La Ley de Extranjería
Son las dos de la mañana. Es el momento de aplicar la Ley de Extranjería cuando dos inmigrantes ilegales en España, uno de Bangladesh y otro paquistaní, son identificados y conducidos a la comisaría de Leganés, lugar donde se realizan más detenciones en la Unión Europea. Muchos de los indocumentados que llegan a Ceuta, Melilla y las Islas Canarias son deportados por los Ayuntamientos de estas ciudades a Madrid y Barcelona, para disminuir la proporción de extranjeros.
Los centauros no están toda la madrugada patrullando, y a las cinco de la mañana aproximadamente suelen reservarse media hora para un bocata y una coca-cola. Pero Madrid no espera a que terminen su plato y se vuelve a recibir, a través del transmisor, otro aviso urgente. "Atención, un Opel Kadett robado circula por la M-30, en dirección Alcorcón, tiene impactos de bala". Los dos centauros dejan el bocadillo y corren hacia su vehículo. Tras varios minutos de rápida persecución, el agente que conduce provoca que el delincuente se estrelle contra la mediana para, posteriormente detenerle y llevarle a la comisaría más próxima. "En las persecuciones cuenta mucho nuestra pericia como conductor para que no se produzcan males mayores", explica Francisco.

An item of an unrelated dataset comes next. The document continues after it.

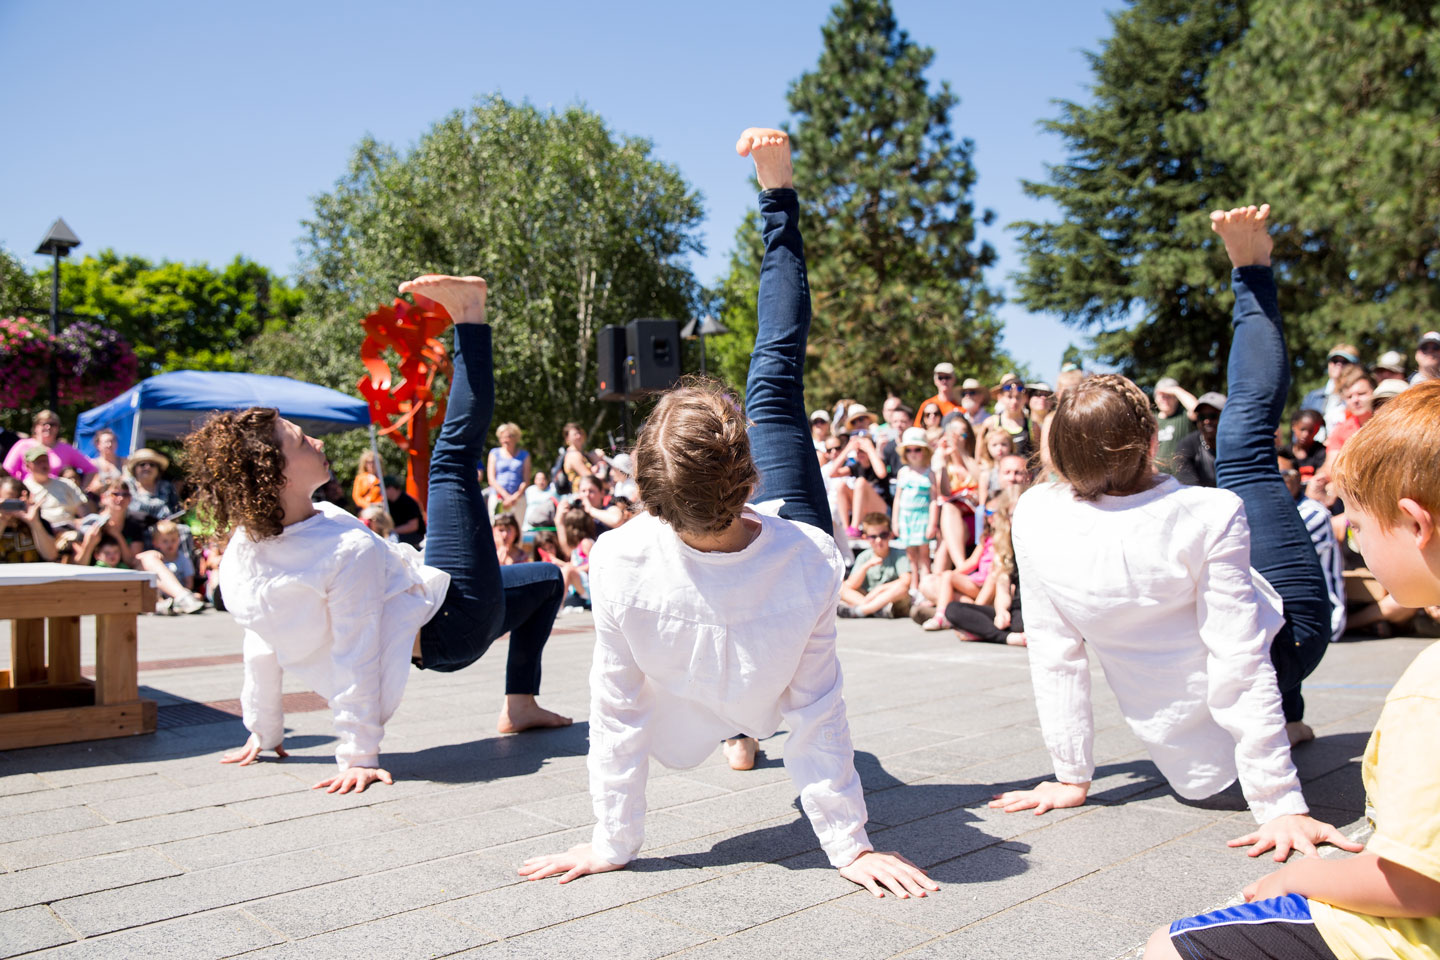 push/FOLD dancers performing 'Crow' at Ten Tiny Dances in Beaverton, Oregon | Photographer: David Nquyen

Amanecer en Las Barranquillas
Siguiente destino, Las Barranquillas, uno de los lugares más frecuentados por los centauros. En este poblado chabolista se respira un aire nauseabundo entre fogatas, yonkis serpenteando por las calles buscando su dosis de heroína y traficantes de droga. "Nunca te acostumbras a presenciar esta escena, todos te inspiran lástima salvo los traficantes y los que van en algún coche robado, a quienes detenemos en el momento", dice Javier, quien debe usar guantes a prueba de pinchazos de jeringuillas cuando realiza este tipo de registros. "Ver amanecer en Las Barranquillas es muy distinto al que estamos acostumbrados los demás".
Ser centauro entraña un enorme riesgo. "Por eso llevo esto", dice Javier mientras muestra un chaleco antibalas bajo su camiseta. "Sin ir más lejos, el Día del Orgullo Gay tuvimos que detener a un grupo de skinheads, chicos y chicas menores de edad y armados que apalearon en Chueca a varios gays sólo por su condición sexual", recuerda con desagrado Francisco. Sin embargo, cuando realizan una operación planificada cuentan con refuerzos y, gracias a los brigadistas de Información, consiguen "reventar" locales como las dos discotecas del distrito Centro y Caravanchel. Resultado: Más de 220 identificados y 12 detenidos integrantes de los "latin kings" y los "ñetas".